Work to be completed: What is needed is an exact copy of the records below, with the pictures left out.

Extracted records
▽

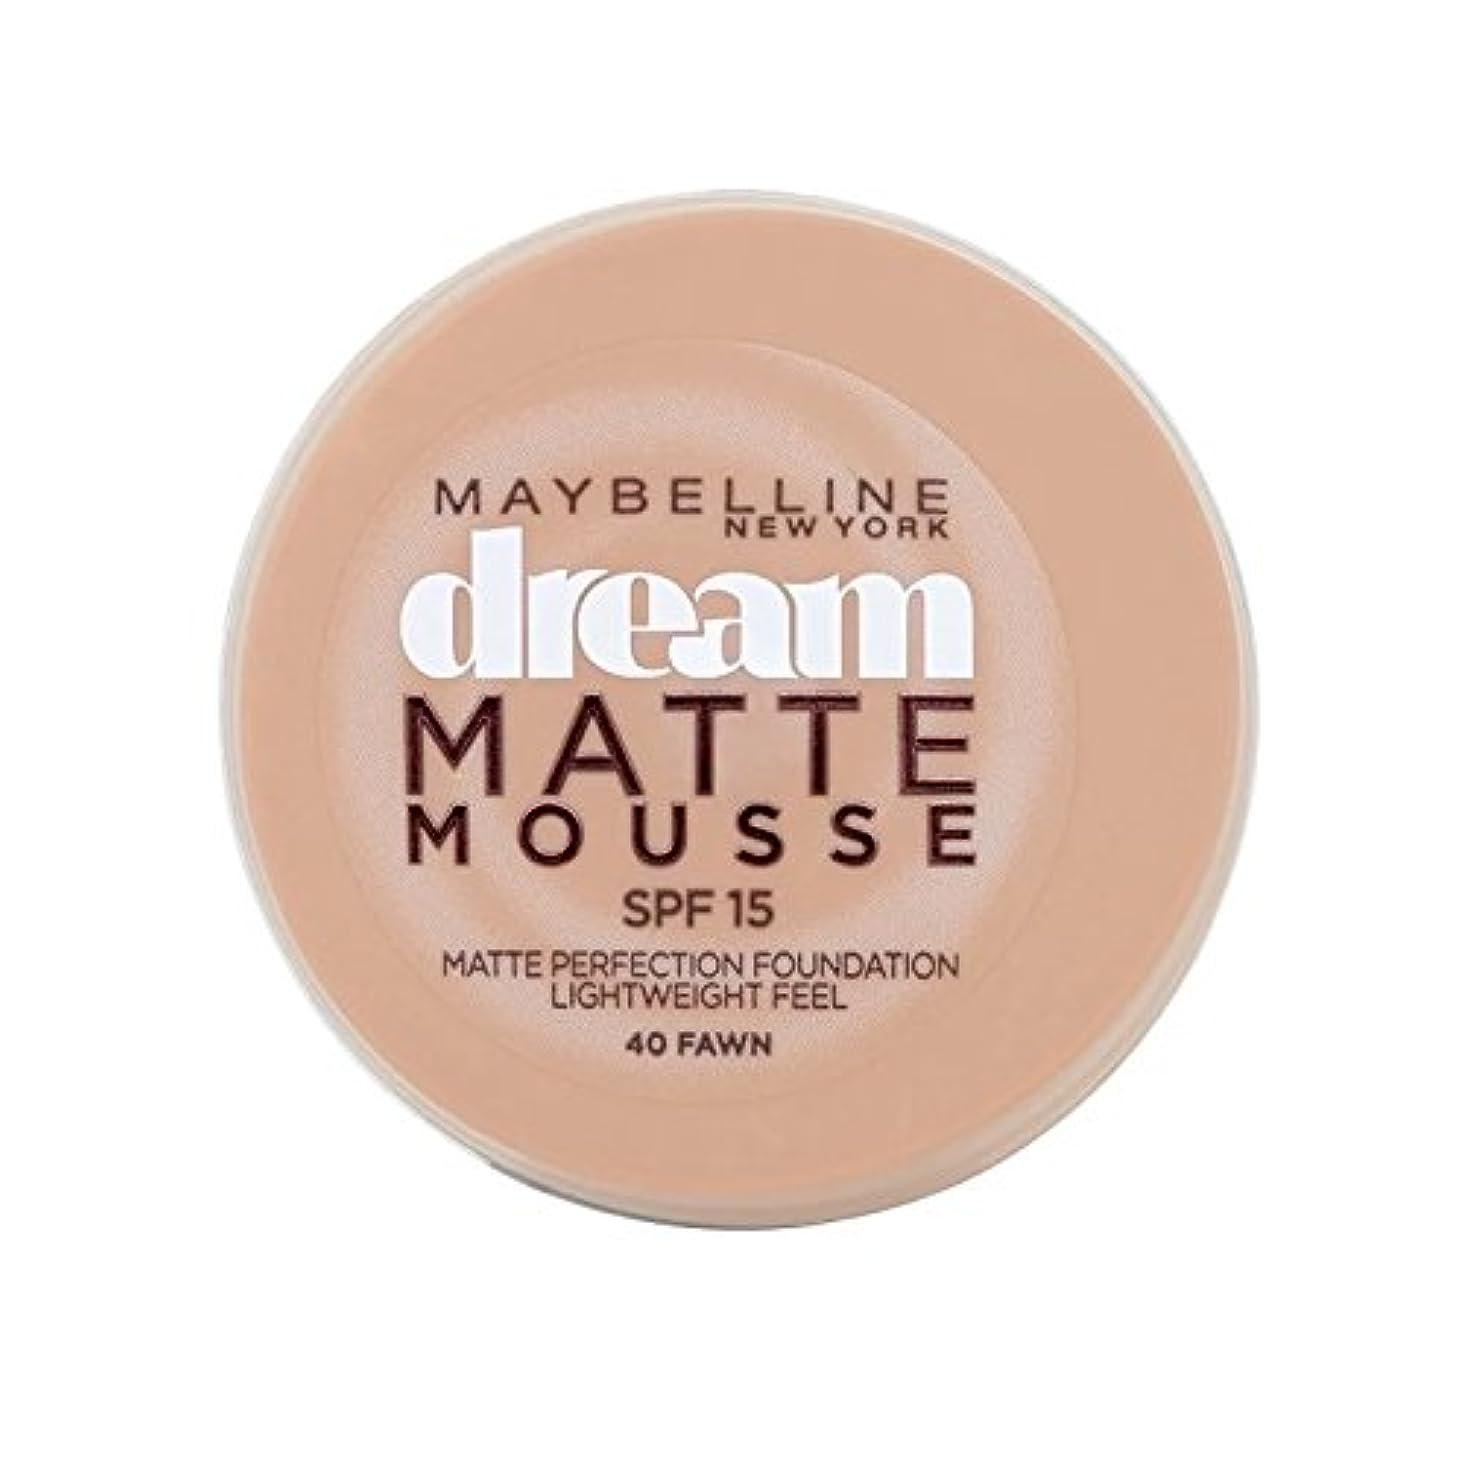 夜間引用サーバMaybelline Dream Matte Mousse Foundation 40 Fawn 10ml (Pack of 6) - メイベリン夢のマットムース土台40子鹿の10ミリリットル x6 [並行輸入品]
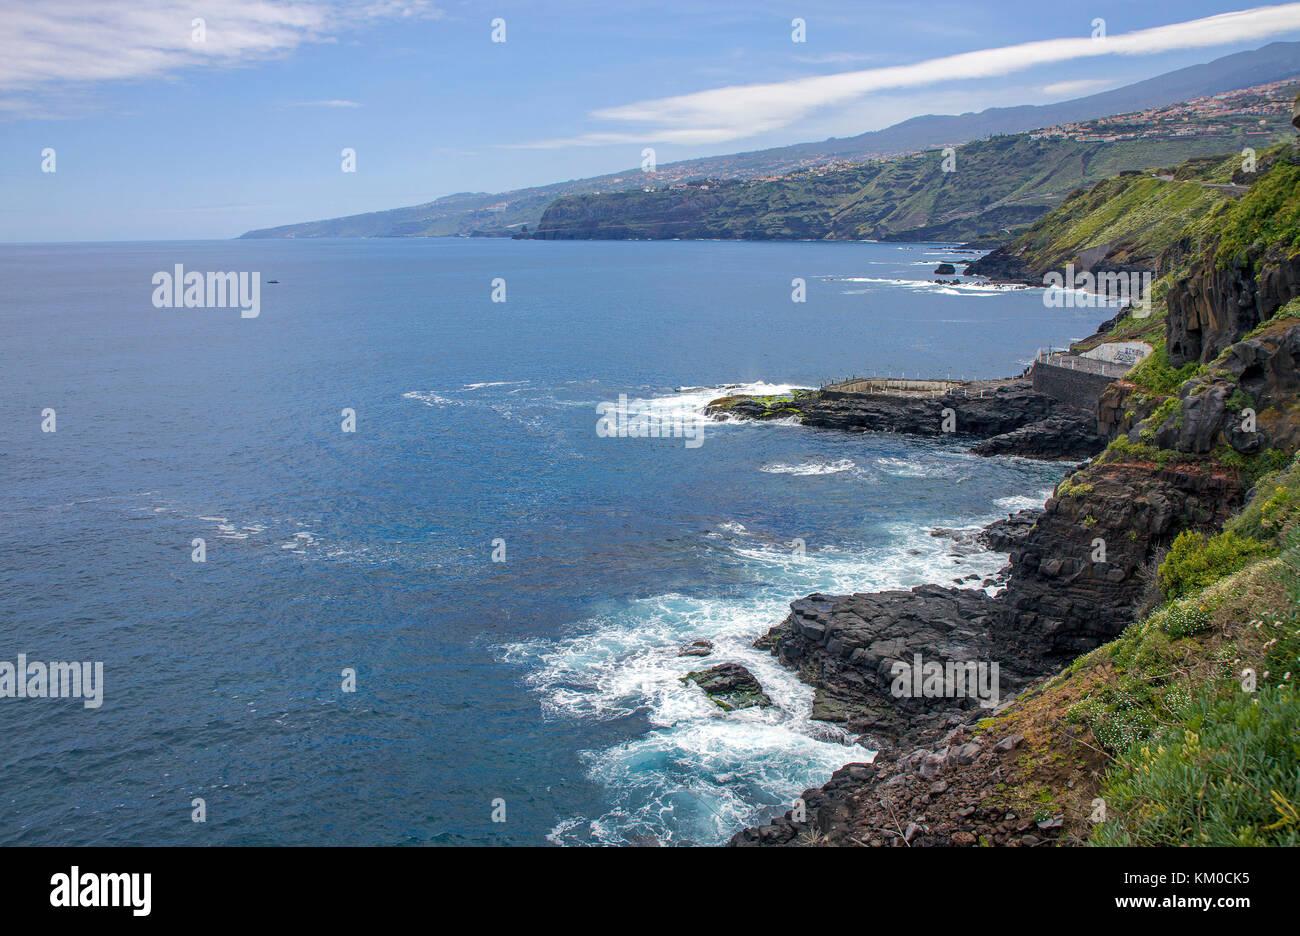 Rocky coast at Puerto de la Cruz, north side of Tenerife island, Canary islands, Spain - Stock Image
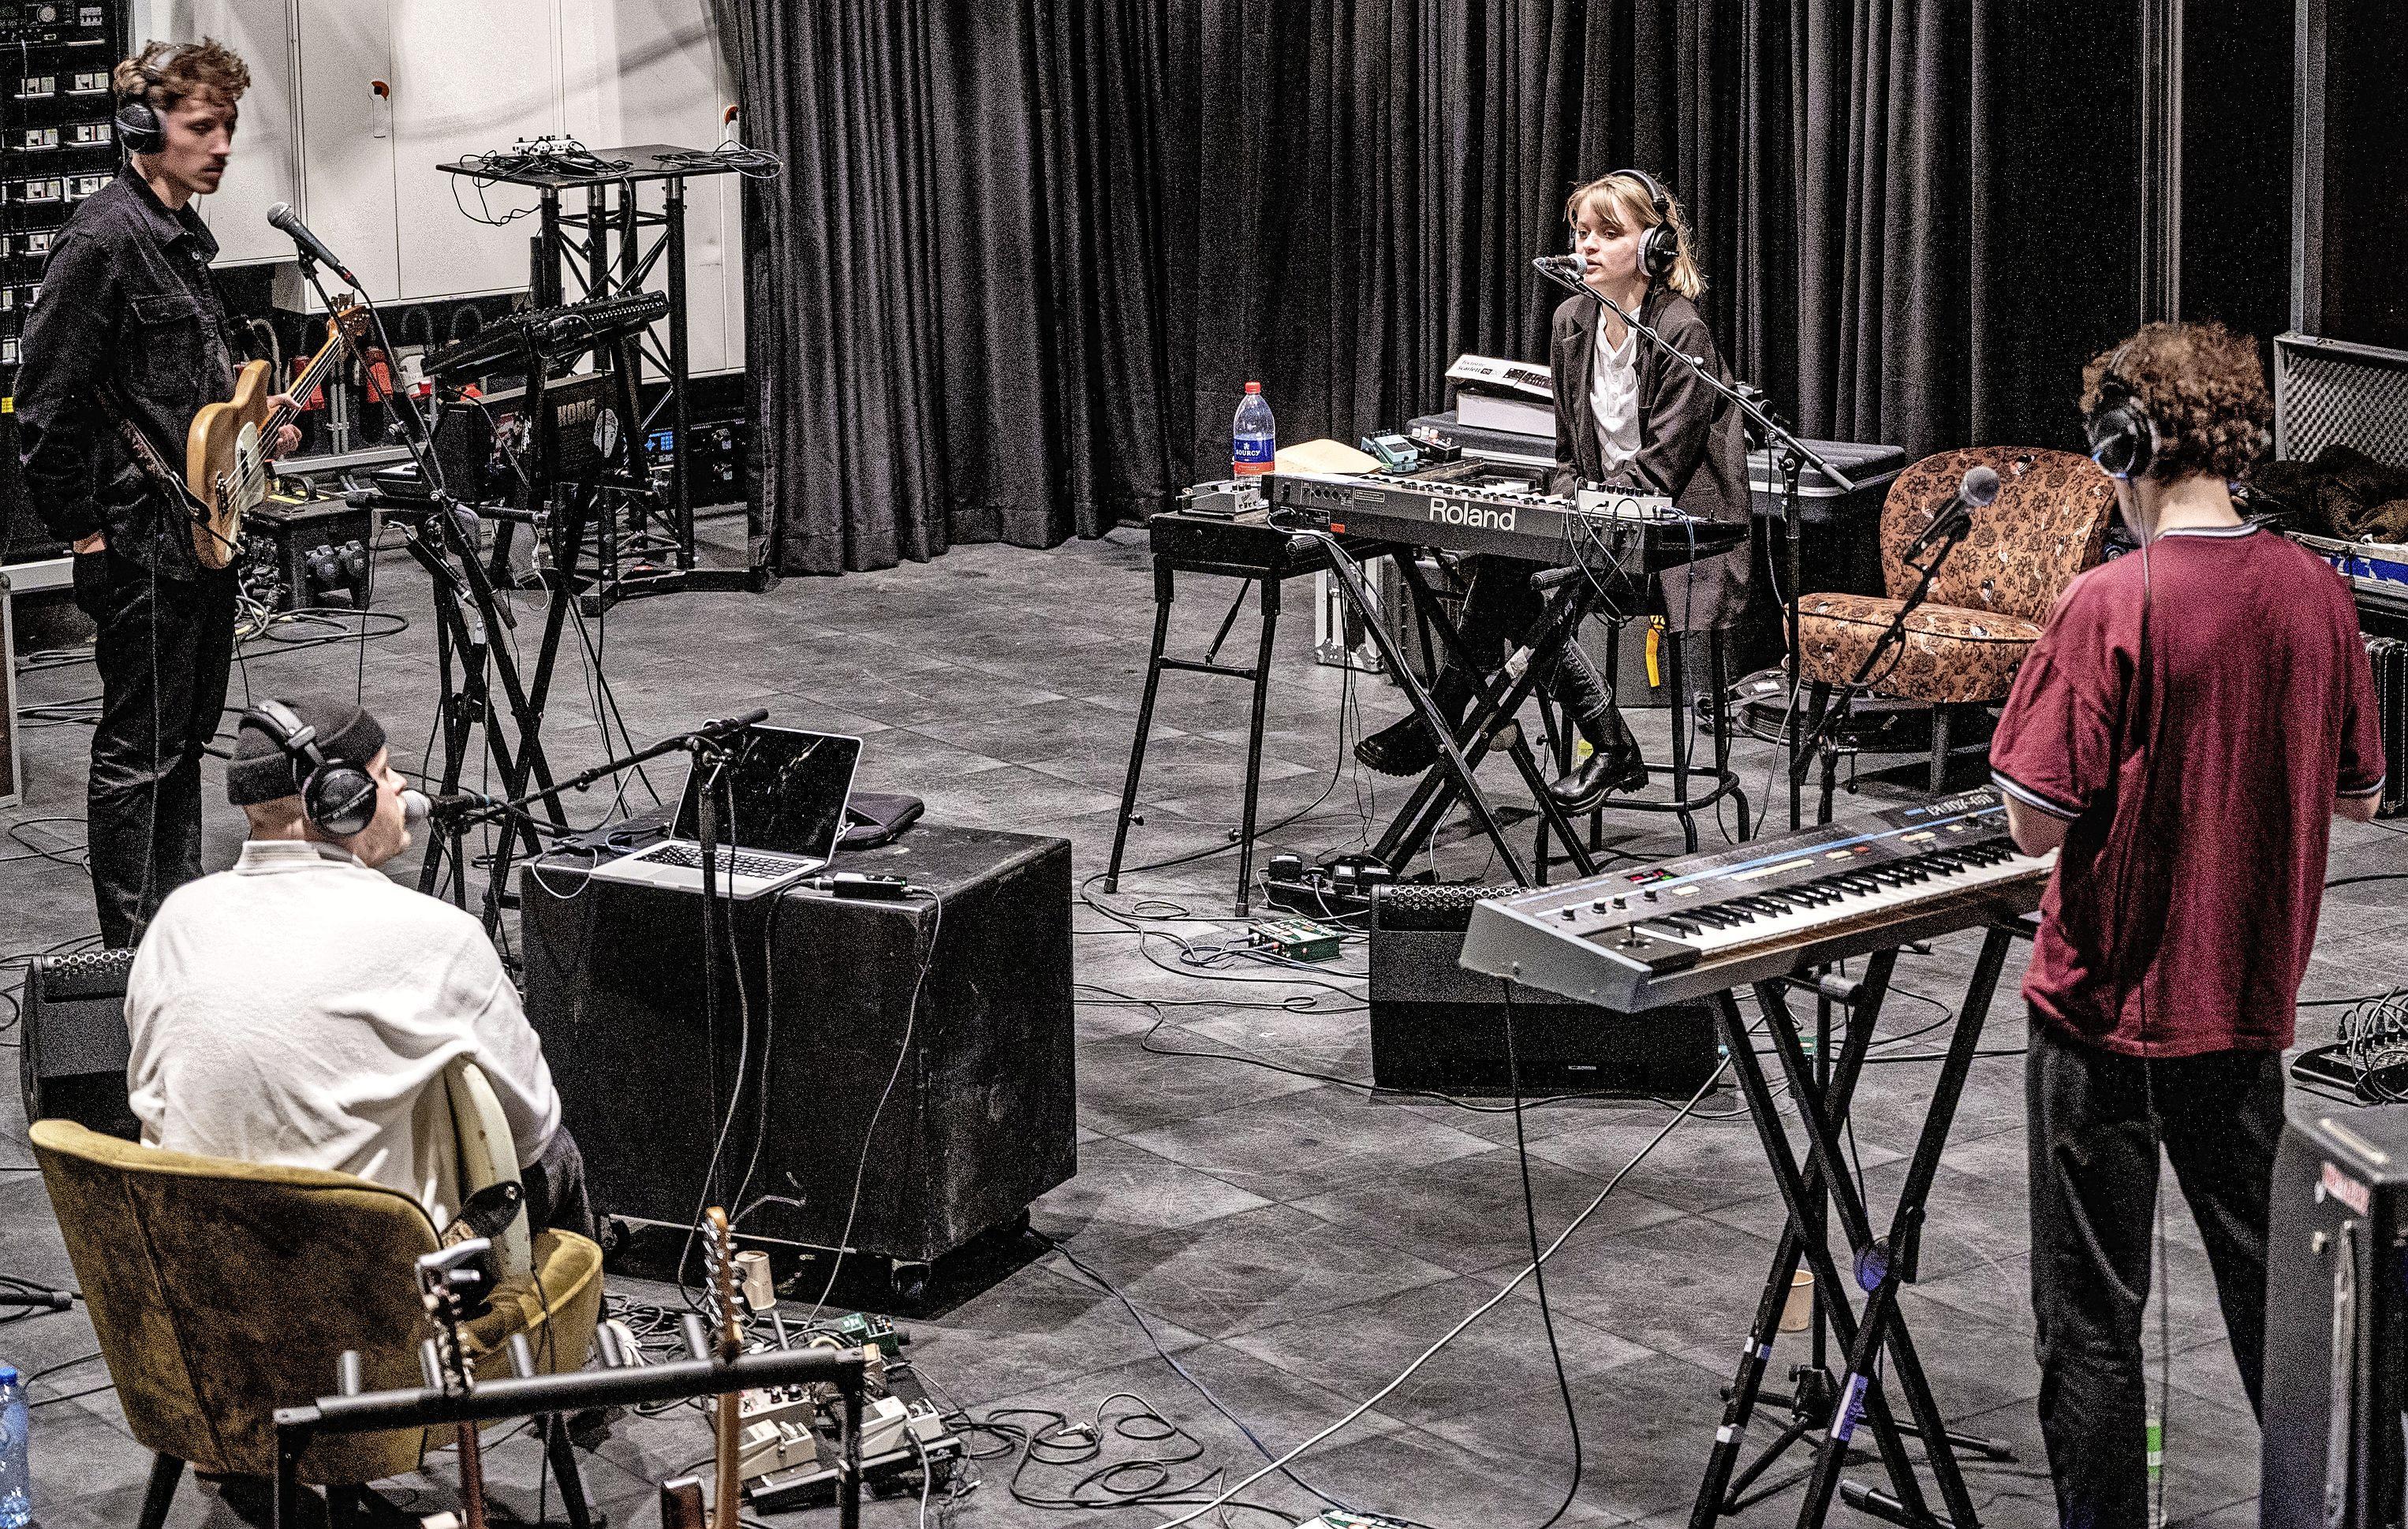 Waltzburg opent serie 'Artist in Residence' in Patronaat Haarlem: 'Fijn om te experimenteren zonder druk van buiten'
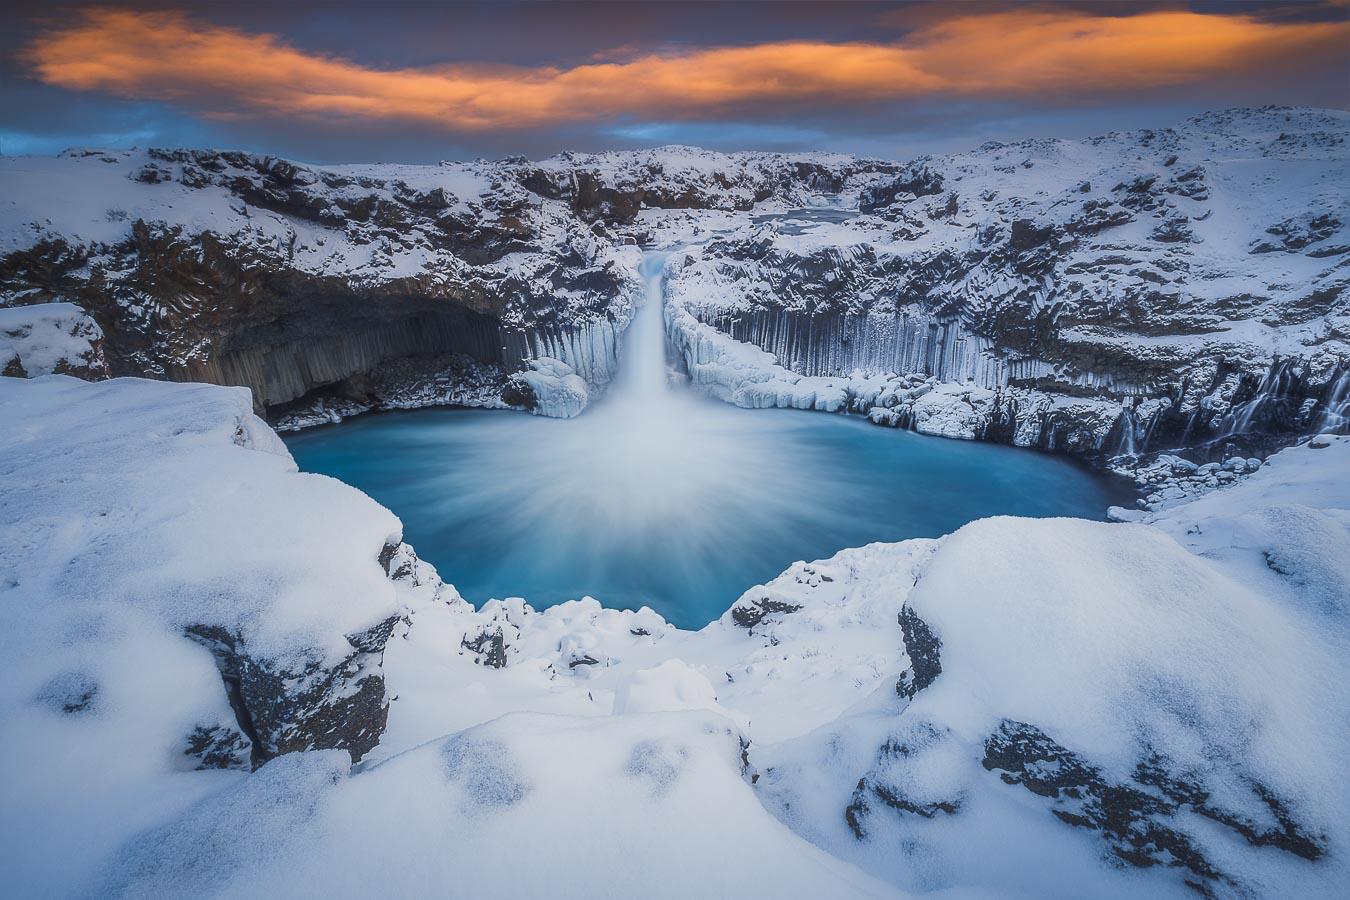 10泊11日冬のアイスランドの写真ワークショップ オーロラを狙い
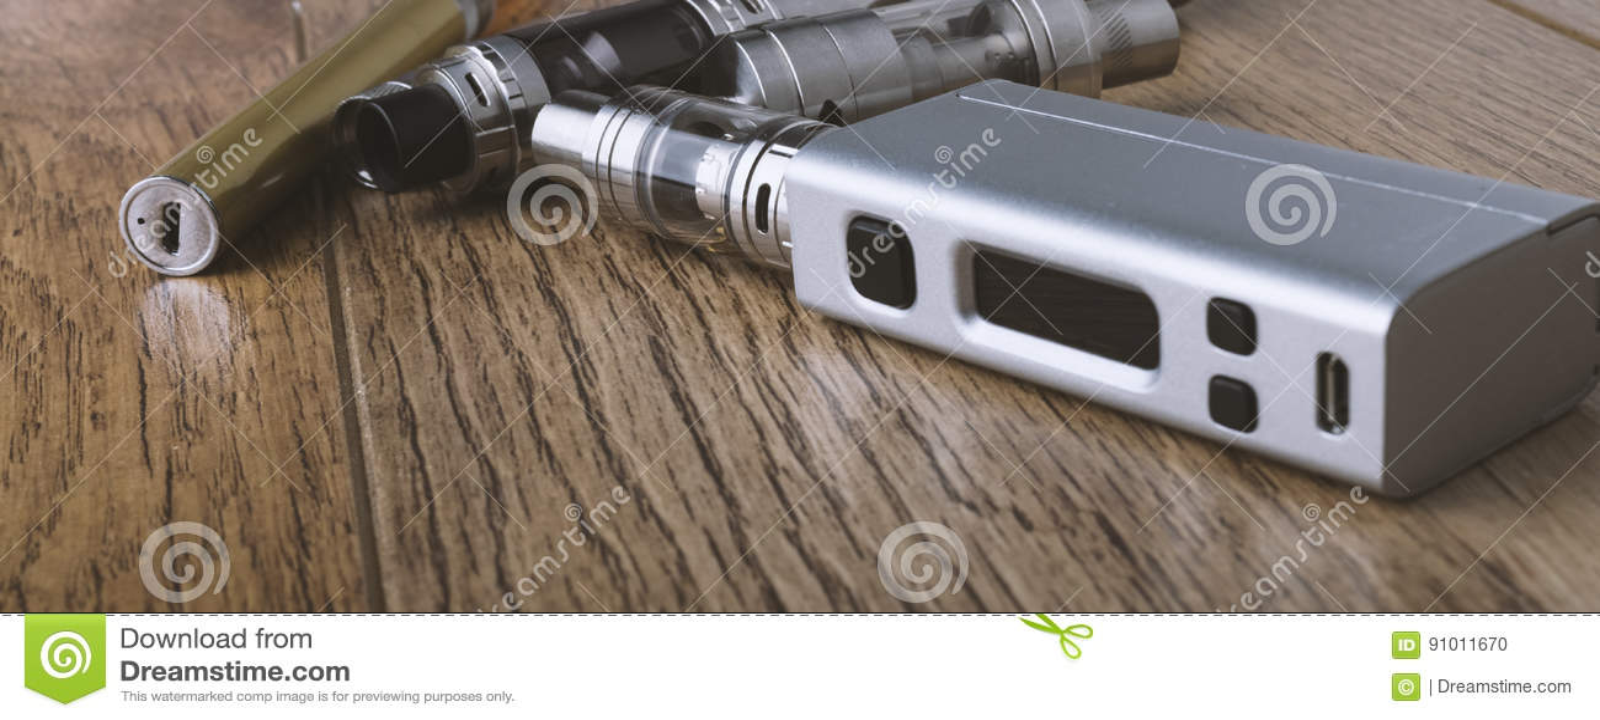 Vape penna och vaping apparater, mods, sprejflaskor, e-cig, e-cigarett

△

Response below:
 夜間引用サーバMaybelline Dream Matte Mousse Foundation 40 Fawn 10ml (Pack of 6) - メイベリン夢のマットムース土台40子鹿の10ミリリットル x6 [並行輸入品]
 Rocky coast at Puerto de la Cruz, north side of Tenerife island, Canary islands, Spain - Stock Image
 Waltzburg opent serie 'Artist in Residence' in Patronaat Haarlem: 'Fijn om te experimenteren zonder druk van buiten'
 10泊11日冬のアイスランドの写真ワークショップ オーロラを狙い
 Vape penna och vaping apparater, mods, sprejflaskor, e-cig, e-cigarett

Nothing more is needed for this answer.